One suspects that the officials handling the case are recognising the poor prospects of recovery of owed salaries. Why put the case through the courts if the chances aren’t good? — might be the reasoning. If the company boss is not even showing up at TADM mediation, is there any point in taking the matter to the courts? Officials may see that it’s best to get the workers partial payments from a fund and/or let them look for new jobs.

Alex says he can understand that line of thought. “But I am concerned about the integrity of process. I am concerned about how public money is accessed and dished out,” he explains.

“There is also the matter of continuing to hold the employer accountable for not paying salaries.”

His point is that it should be troubling when, instead of following through a process laid down by law, a short cut seems to have been taken. TADM or MOM appear to have decided that since the boss isn’t showing up at meetings, the men’s case shall be considered hopeless and is then truncated.

Nasir and Hanif’s case may be no isolated example. There is a mysterious fall-off in foreign worker cases at the ECT, as described in the article 27% fewer foreign worker claims at ECT in 2018 compared to 2017, Why?

There is value in following procedure, Alex emphasises. If the case is escalated to the ECT, even if the boss or company representative does not show up at court, the court can still issue a default judgement in the workers’ favour. It might not get them any nearer recovery of their salaries, but this serves the public interest.
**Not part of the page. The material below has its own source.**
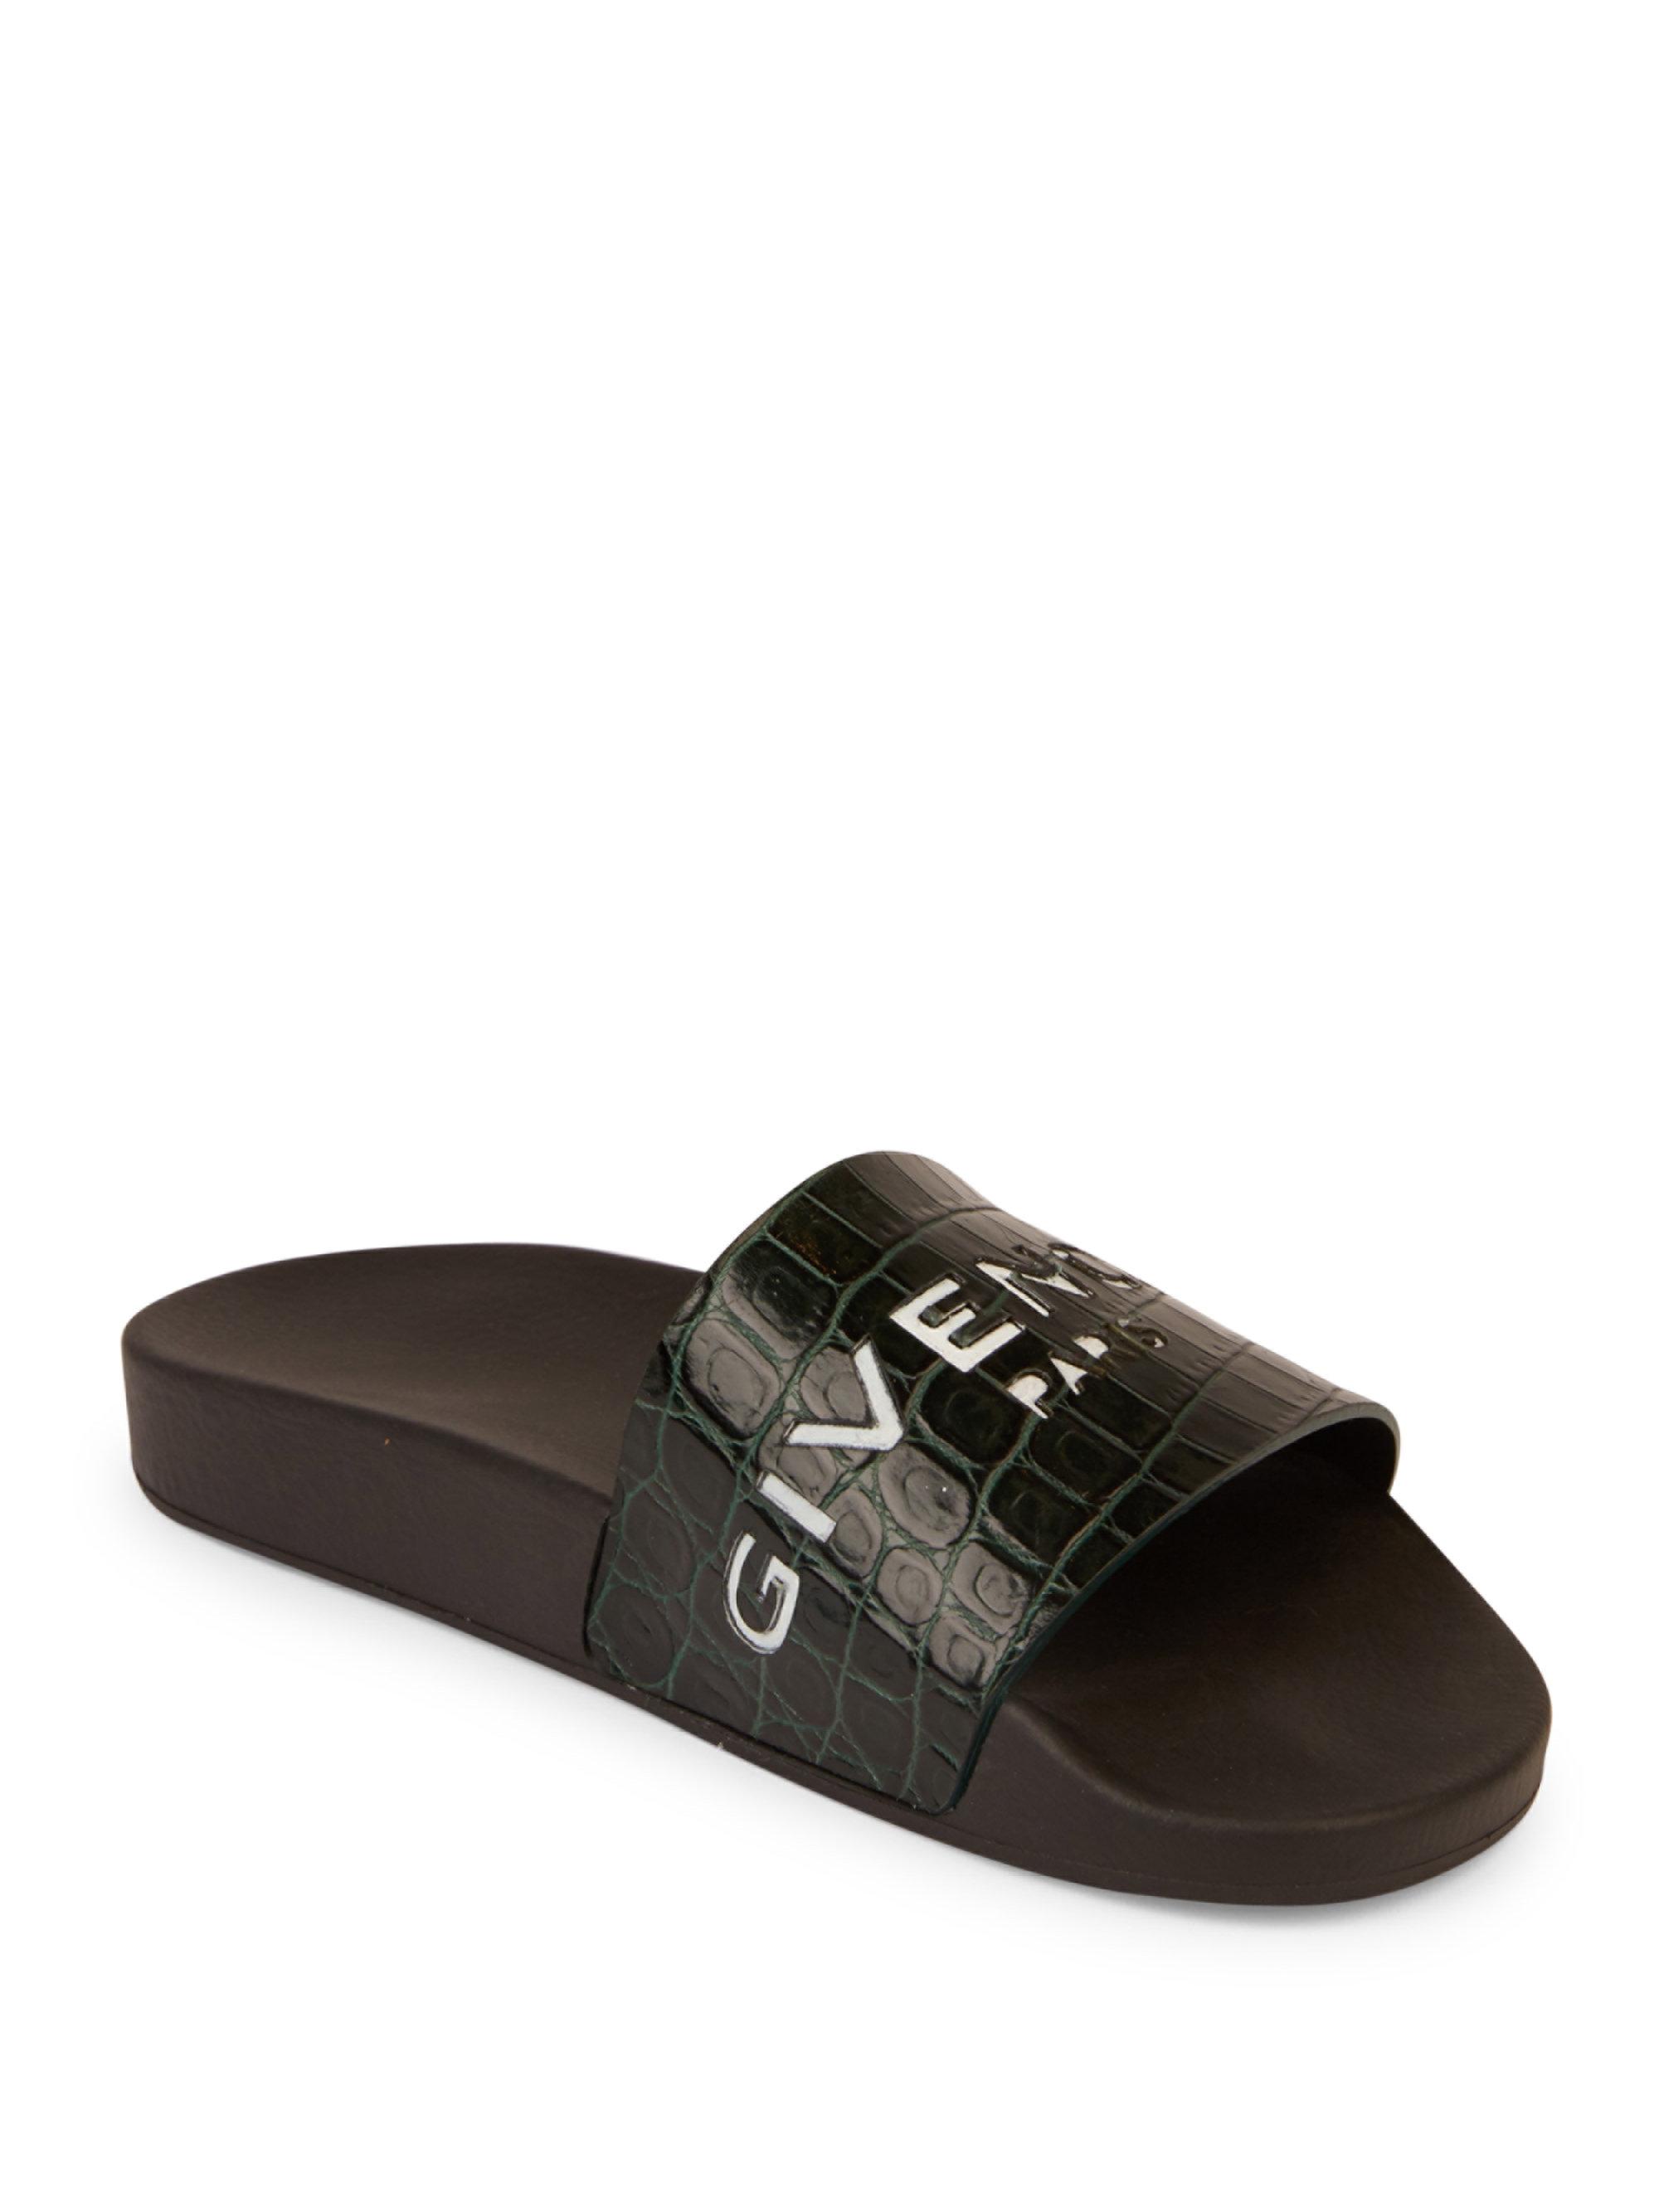 Givenchy Logo Croc-embossed Leather Slides for Men | Lyst
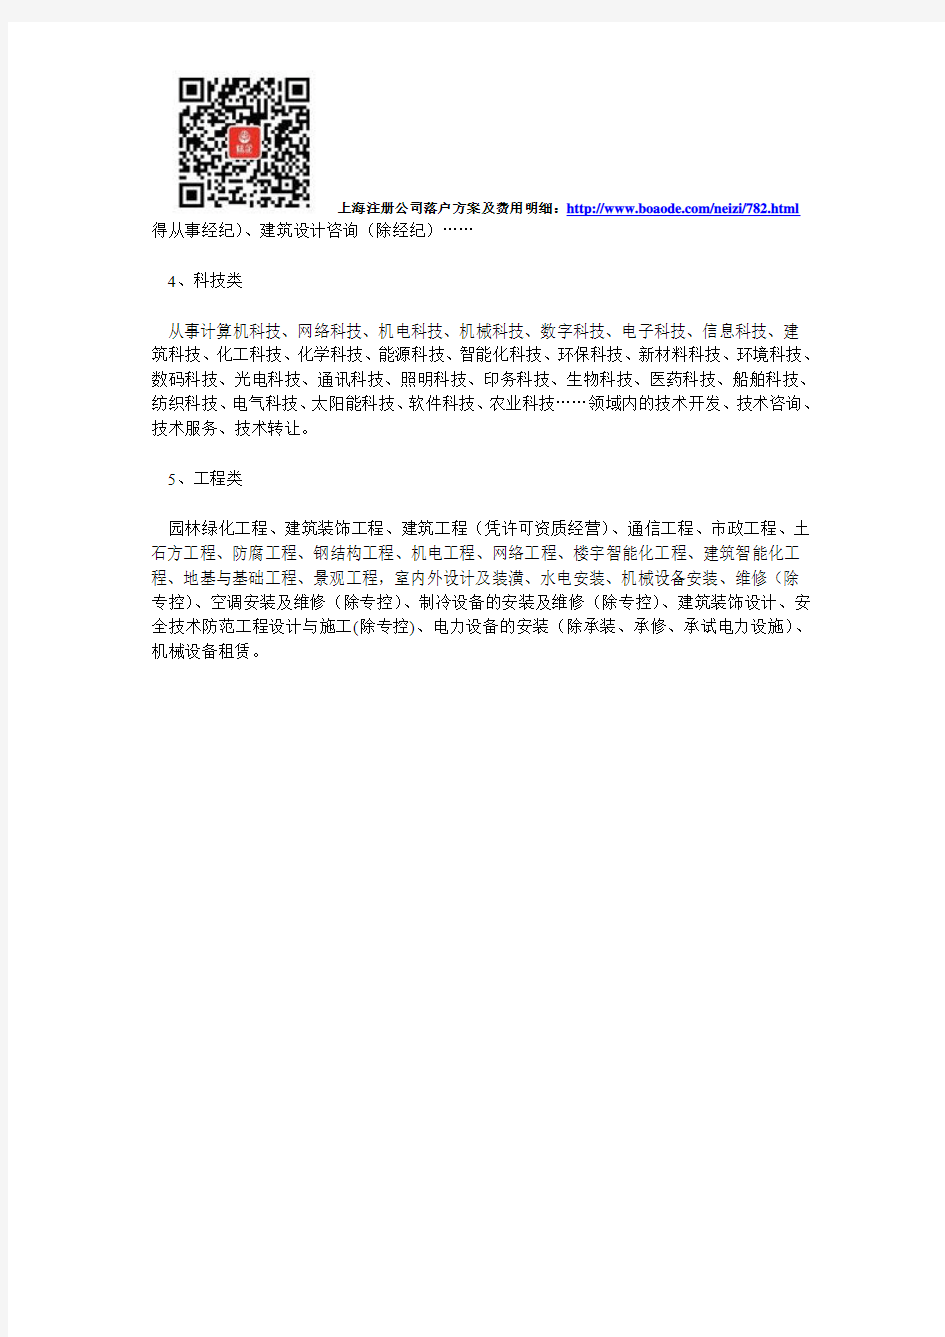 上海注册公司通常可选经营范围

There would then be a formal standing Order against the employer as proof that a debt is owed. It can then be the basis for prosecution of the employer under section 34 of the Employment Act for failing to pay salaries promptly.

As it is, prosecutions of employers for failing to pay salaries are few and far between. This was stated as much by Manpower Minister Josephine Teo in Parliament on 6 March 2019 when she mentioned a figure of “1%”.

A formal Order, explains Alex, is also useful in other ways, remote though the chance of success may be. It may enable the workers to pursue other means of getting their money. It can be used to impeach the credit-worthiness of the employer at various financial institutions.

By contrast, the reported approach of MOM in this case — to give the men some money in return for closing the case — effectively lets the employer off the hook, with the public purse covering for him (at least partially). “However practical as a half-solution for the men,” adds Alex, “speaking as a citizen and taxpayer, I am concerned about deviation from institutional processes and a lack of proper accountability.”

Hanif Abu and Uddin Nasir listen in as Alex sets out his argument, but it’s not clear whether they understand the subtleties of his point. Their minds are preoccupied with the obstructions and uncertainties in front of them. They think there will be some money coming if what their MOM officer is telling them is correct, but it’s way short of what they are owed. There remains a big gap in the family finances and they don’t know what they can do.